Inside ChatGPT Projects, this finally formalizes.

Two primitives do the heavy lifting:

  • Instructions — who you are, what you care about, how you operate.
  • Files — your living archive: SOPs, logs, templates, datasets.

Every new chat inherits both. No re-explaining, no resets. The system doesn’t start from scratch — it starts from you.

This is where AI stops being novelty and starts being infrastructure.

Example paths:

The Operator.

Your company SOPs, compliance manuals, and proposals live in one Project. You refine them daily. GPT becomes your chief of staff — context-aware, tireless, consistent.

The Creator.

Your tone guide, hashtags, scripts, and past pieces live in Files. You ask for captions, and it mirrors your style perfectly because it’s learned your rhythm through repetition.

The Individual.

Your training logs, nutrition notes, labs, and constraints live in one thread. GPT generates plans as if it’s known you for years — because it has.

The Portfolio Manager.

A list of assets you own or manage like real estate addresses, stock tickers or collectibles with investment goals, purchase prices and other parameters. GPT helps you decide when to buy, sell and will do research for you. On command. Exactly the way you like it. Every time. 

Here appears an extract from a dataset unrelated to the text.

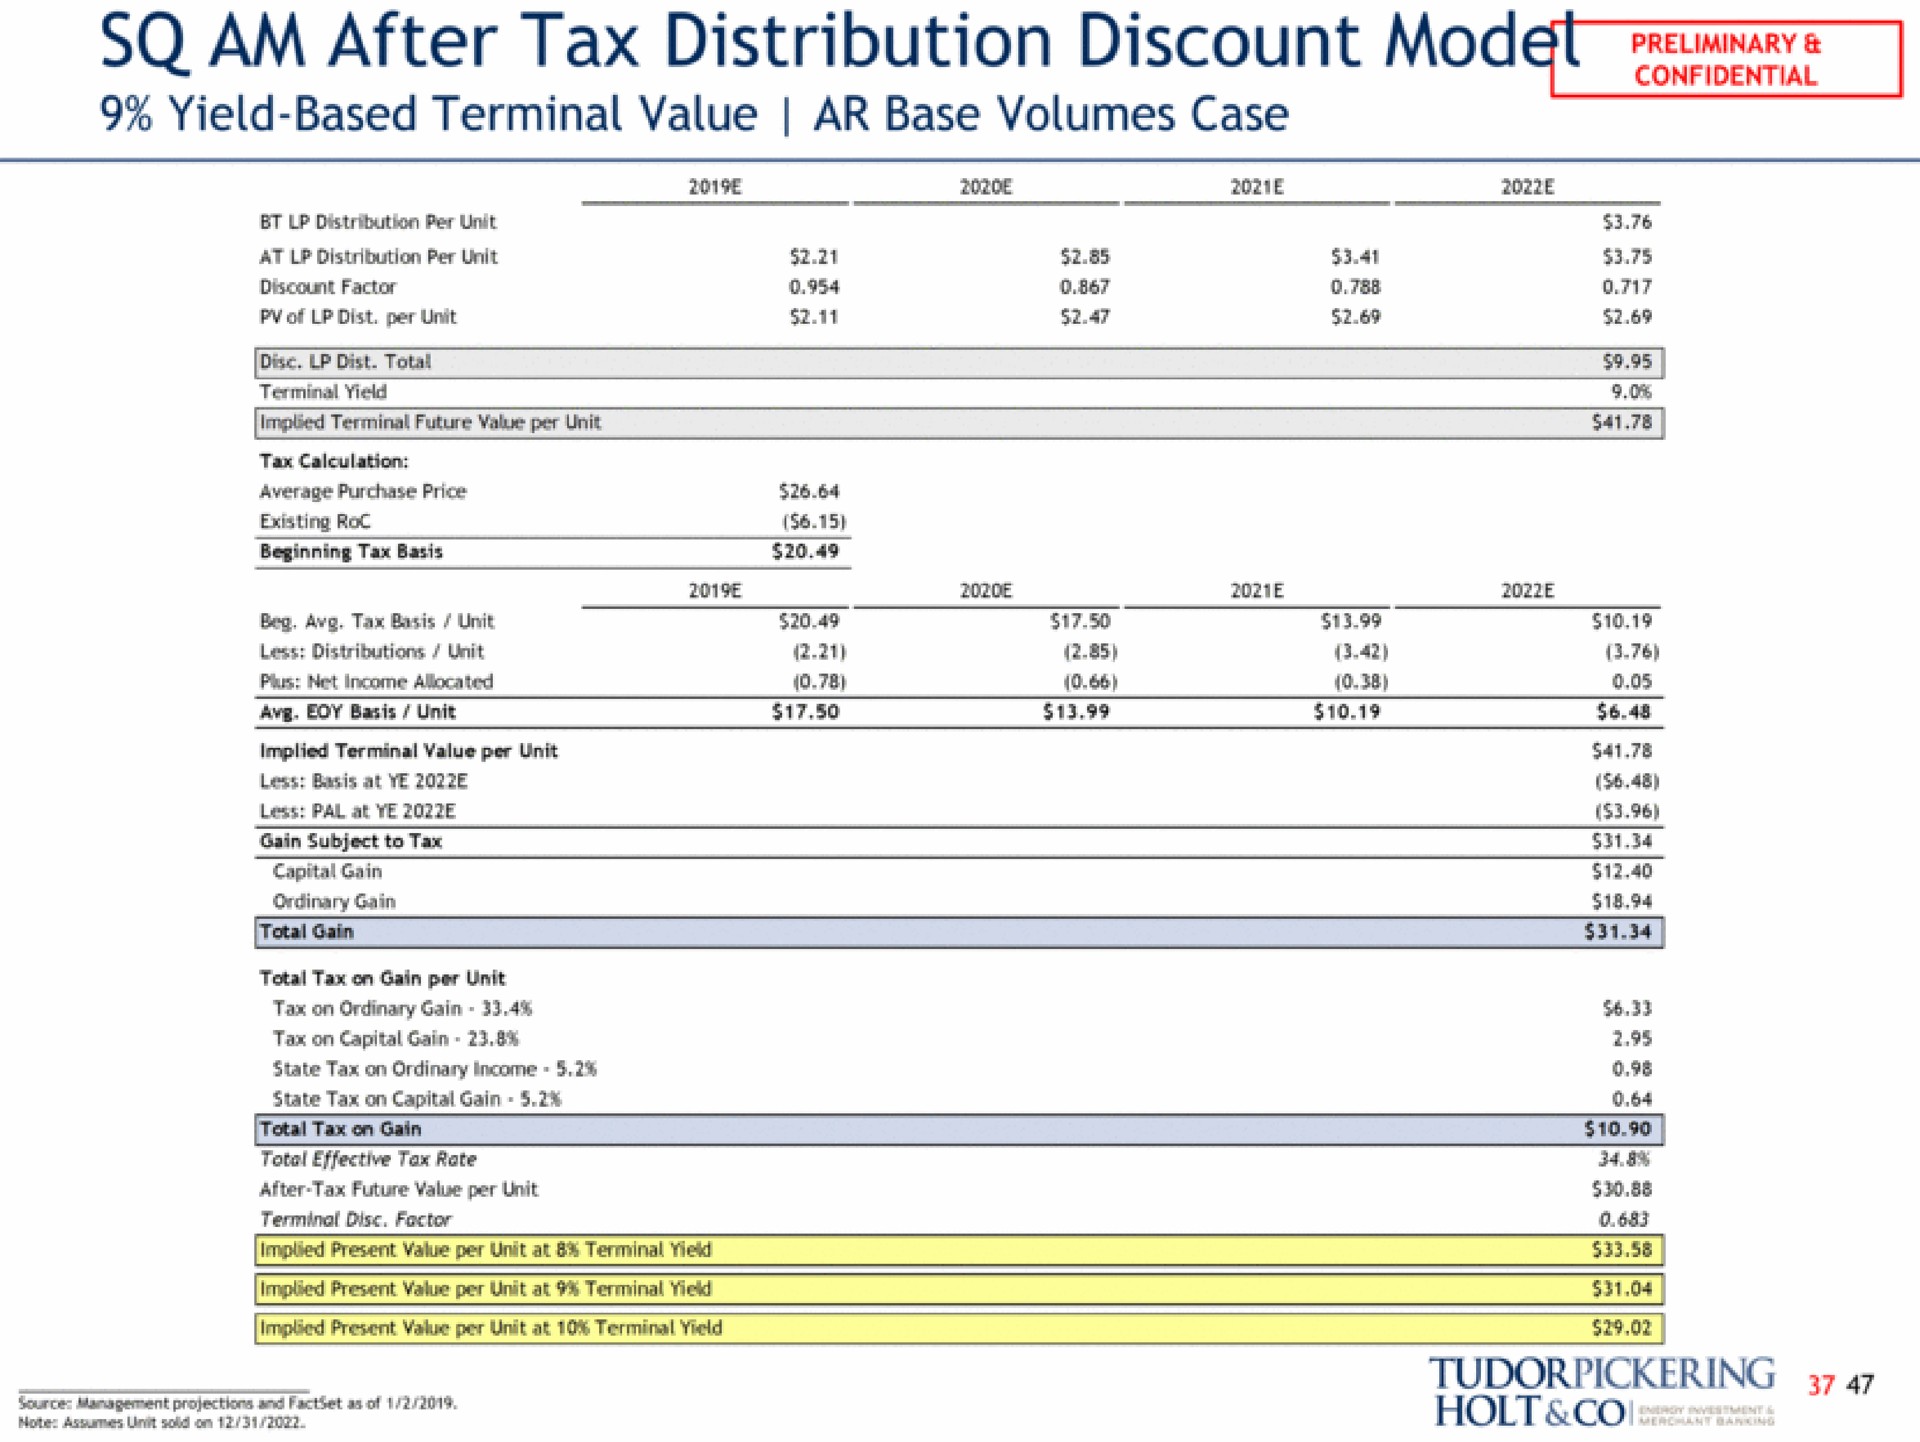 am after tax distribution discount mode yield based terminal value base volumes case holt | Tudor, Pickering, Holt & Co

What makes this sacred isn’t automation. It’s accumulation.

Tourists collect apps; operators compound memory.

VI. The Law of Doors Applied

The mature operator knows exploration is cheap but focus is sacred. You can play with other tools, but you do it consciously, with a return ticket home.

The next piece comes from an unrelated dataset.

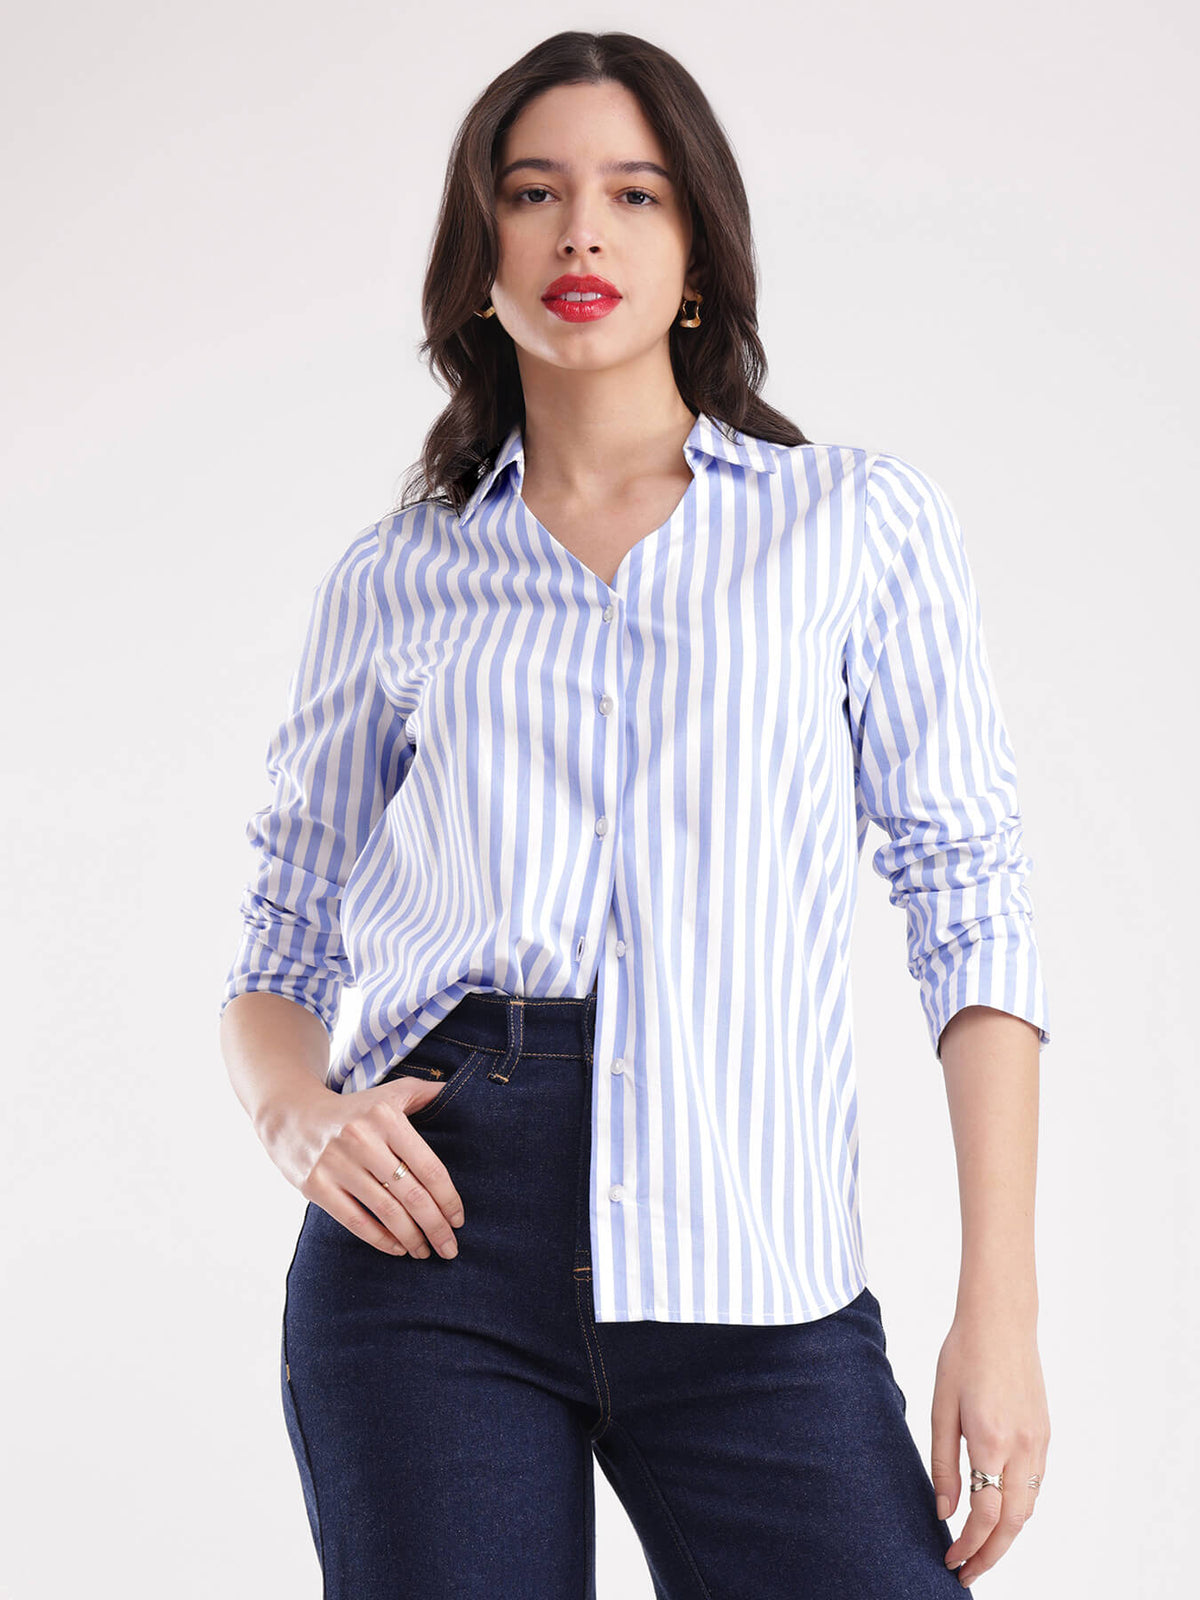 Cotton Vertical Stripes Shirt - Blue And White

Every serious creator, founder, or analyst eventually needs one platform where their work lives and grows. That’s the difference between activity and architecture.

The Law of Doors reframes adoption as design:

You’re not chasing every tool; you’re curating your center of gravity.

Each artifact you run through your front door — every script, brief, caption, dataset — adds to its intelligence. Your system becomes less of a “tool” and more of an organism that remembers you.

That’s leverage. That’s Lindy. That’s the quiet compounding that tourists never see.

A lone figure walking confidently through a glowing front door into a bright network grid, symbolizing long-term leverage and mastery.
Pick your door. Stay long enough to compound.

VII. The Discipline to Stay Put

The frontier always masquerades as freedom, but freedom without focus decays into noise.

Every generation thinks it’s too advanced to repeat the old cycle. Every generation ends up worshipping a new door. The only difference between tourists and operators is self-awareness: the operator knows he’s choosing his cage on purpose.

Staying put doesn’t mean stagnation; it means letting the room evolve around you. The cathedral of Windows became the cloud. The search box became the nervous system. The chat window is about to become the operating system for human thought.

By 2030, “AI” will stop being a product category. It’ll be the substrate everything else runs on — the invisible infrastructure under your creative, operational, and intellectual life.

The tourists will still be hopping platforms, whispering about “alternatives.”

The operators will be running empires from a single chat thread.

That’s the paradox of mastery:

The longer you stay with one door, the more the world rearranges itself around you.

MoneySexNerd calls this The Law of Doors.

Systems don’t compound because they’re clever.

They compound because someone had the discipline to stop leaving.